History | Log In     View a printable version of the current page.  
Issue Details (XML | Word | Printable)

Key: RHQ-834
Type: Bug Bug
Status: Closed Closed
Resolution: Fixed
Priority: Blocker Blocker
Assignee: John Mazzitelli
Reporter: Joseph Marques
Votes: 0
Watchers: 0
Operations

If you were logged in you would be able to see more operations.
RHQ Project

alert cache not reload after agent reconnection

Created: 13/Sep/08 01:07 AM   Updated: 18/Sep/08 12:20 PM
Component/s: FX - Alerts, Core Server, High Availability
Affects Version/s: 1.1pre
Fix Version/s: 1.1

Time Tracking:
Not Specified

Issue Links:
Incorporate
 

Resolution Date: 15/Sep/08 12:22 PM
Date of First Response: 15/Sep/08 09:09 AM
Tester: Jeff Weiss
VCS Revision: 1,462


 Description  « Hide
steps to reproduce:

* start up server
* start up agent with --clean
** --clean will force the agent to follow the flow for a newly registering agent, and the cache will get reloaded
* once you see the agent prompt, stop/exit the agent
* restart the agent WITHOUT --clean

expected result:

* you'll see the alert cache for your agentId get reloaded if you tail the server log

actual result:

* you don't see any mention of the alerts cache in the server log during this agent reconnect

i see the new code for calling out to connectAgent upon failover, but we also need that to happen upon agent startup as well. i...think...all we need to do is take the AgentMain logic inside of failoverToNewServer(RemoteCommunicator) - specifically the part that calls out to connectAgent and handles the result - and add that to if-block starting on line 945 (rev1447). but i'm sure it can't be that simple, and i'm probably missing something.

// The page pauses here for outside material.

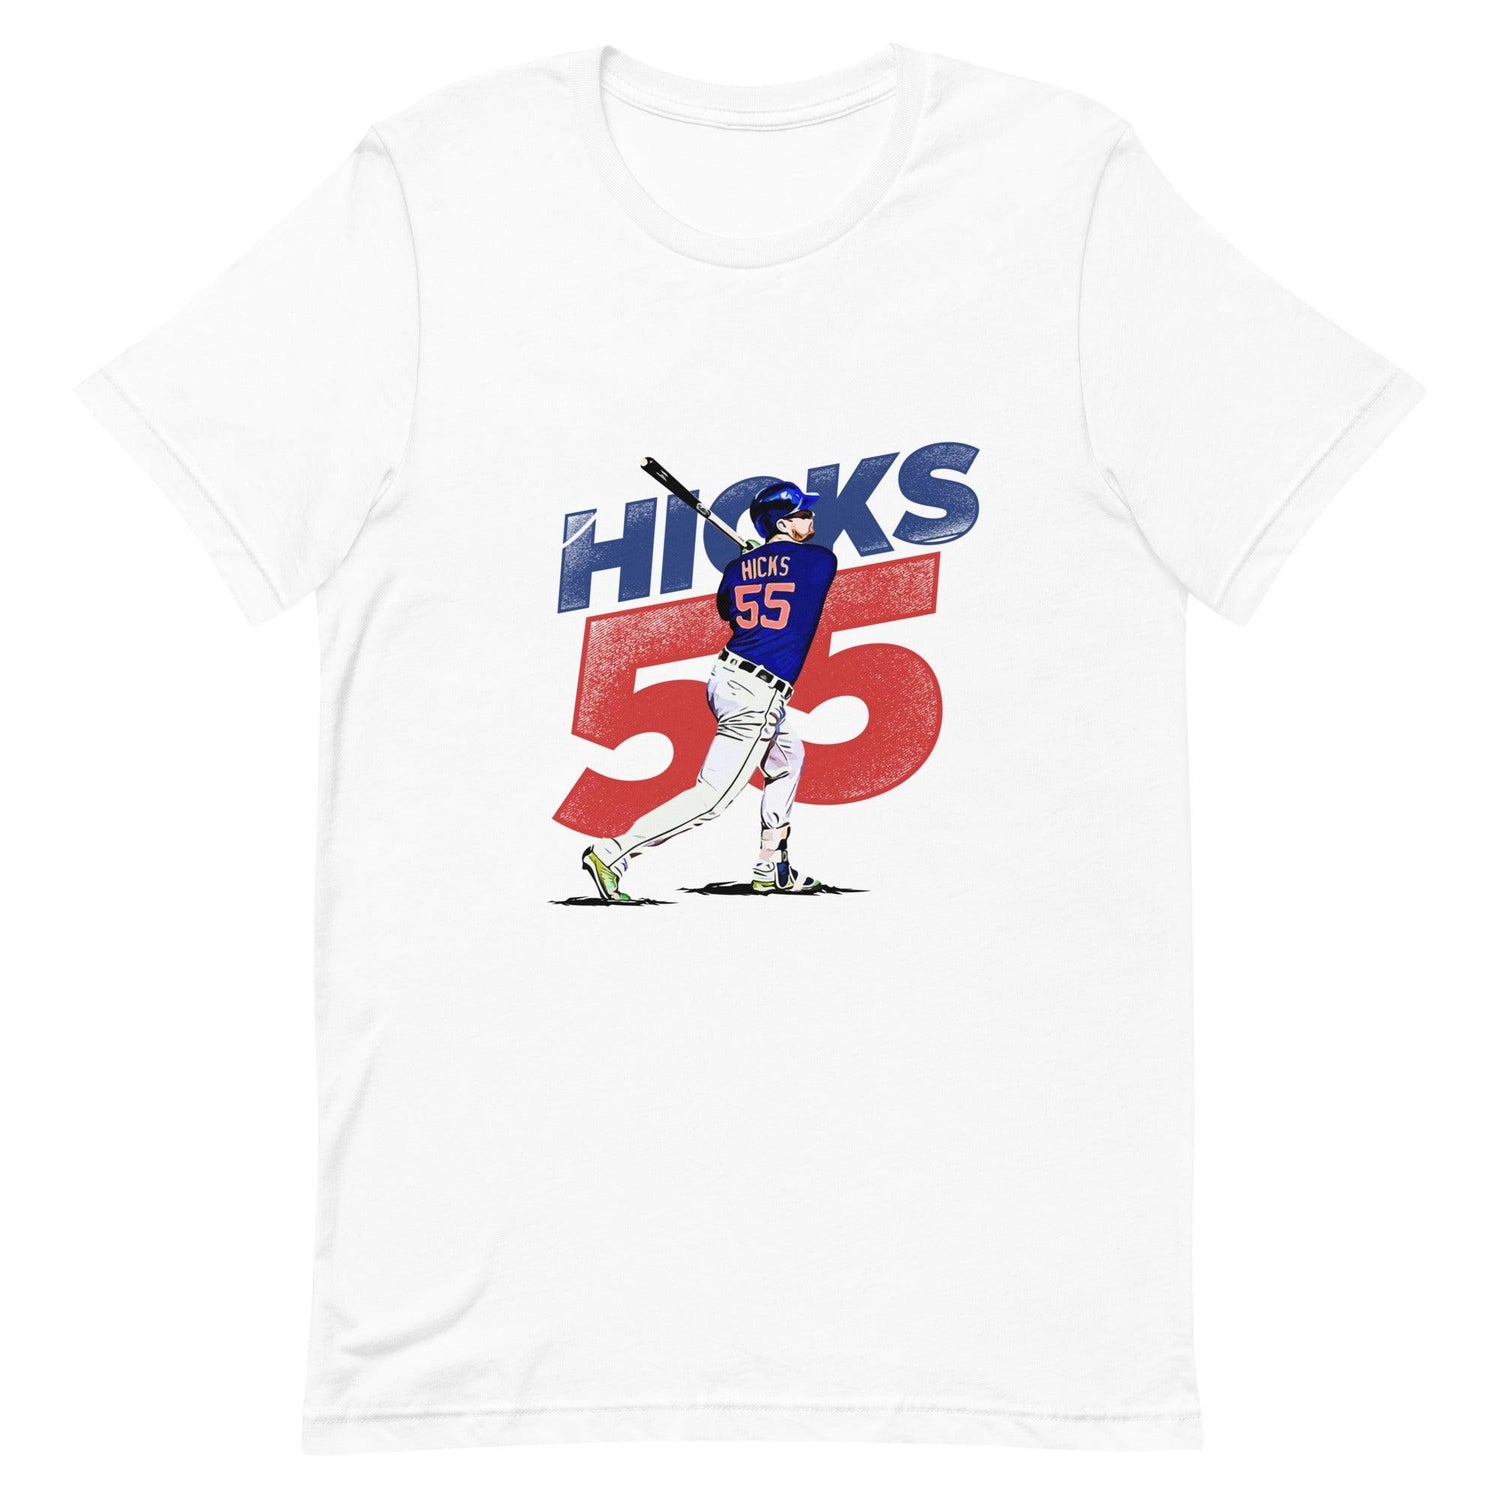 John Hicks "Gameday" t-shirt - Fan Arch
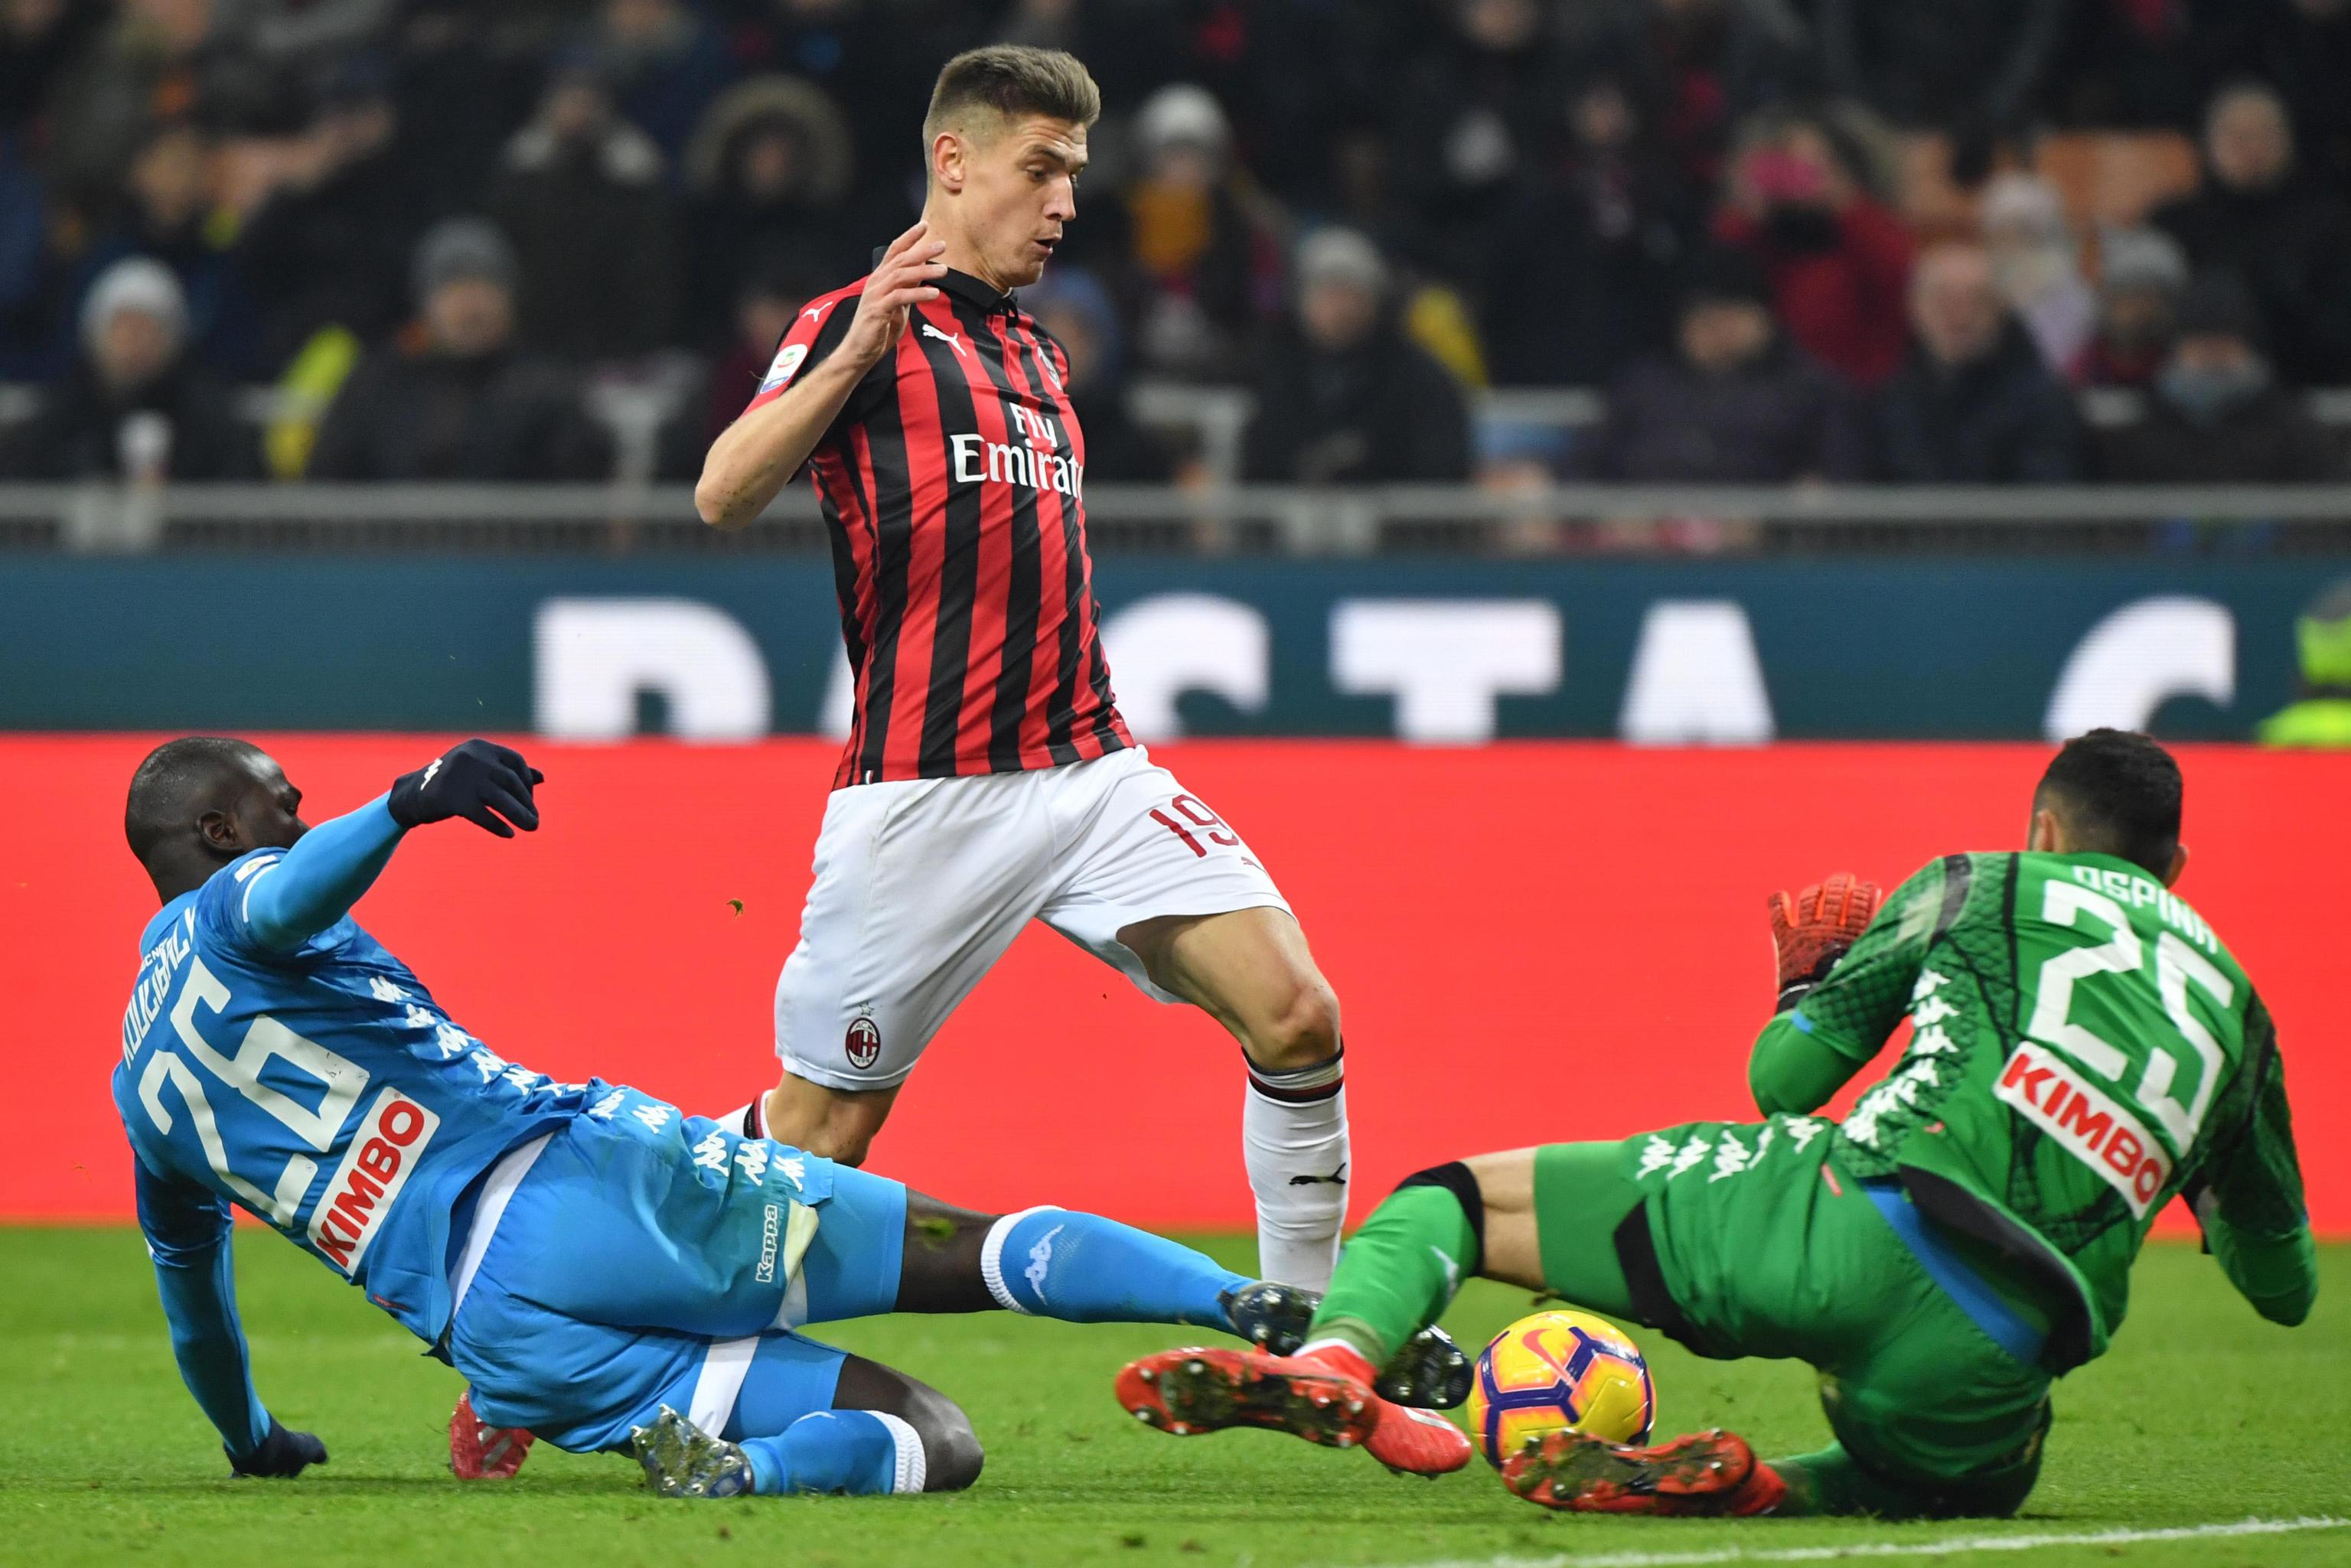 Tra Milan e Napoli regna l'equilibrio: a San Siro finisce 0 -0

 All   Comments   Work Log   Change History      Sort Order: Ascending order - Click to sort in descending order
Joseph Marques - 13/Sep/08 01:12 AM
rev1449 - this commit changes the alert cache loading from server-start time to agent-connection time;

Joseph Marques - 14/Sep/08 06:43 AM
rev1452 (mazz) - when the agent successfully registers, it should also tell the server it wants to "connect" to it.

Joseph Marques - 14/Sep/08 06:45 AM - edited
i'm still seeing the same issue running on rev1452 code. when i start the agent normally (without --clean), i do not see the connectAgent method being called. this NEEDS to be done BEFORE any queued commands get sent up to the server. if a queued command is sent before the server is ready, then the cache might not loaded yet, which means that one or many alerts should have fired but will be missed now.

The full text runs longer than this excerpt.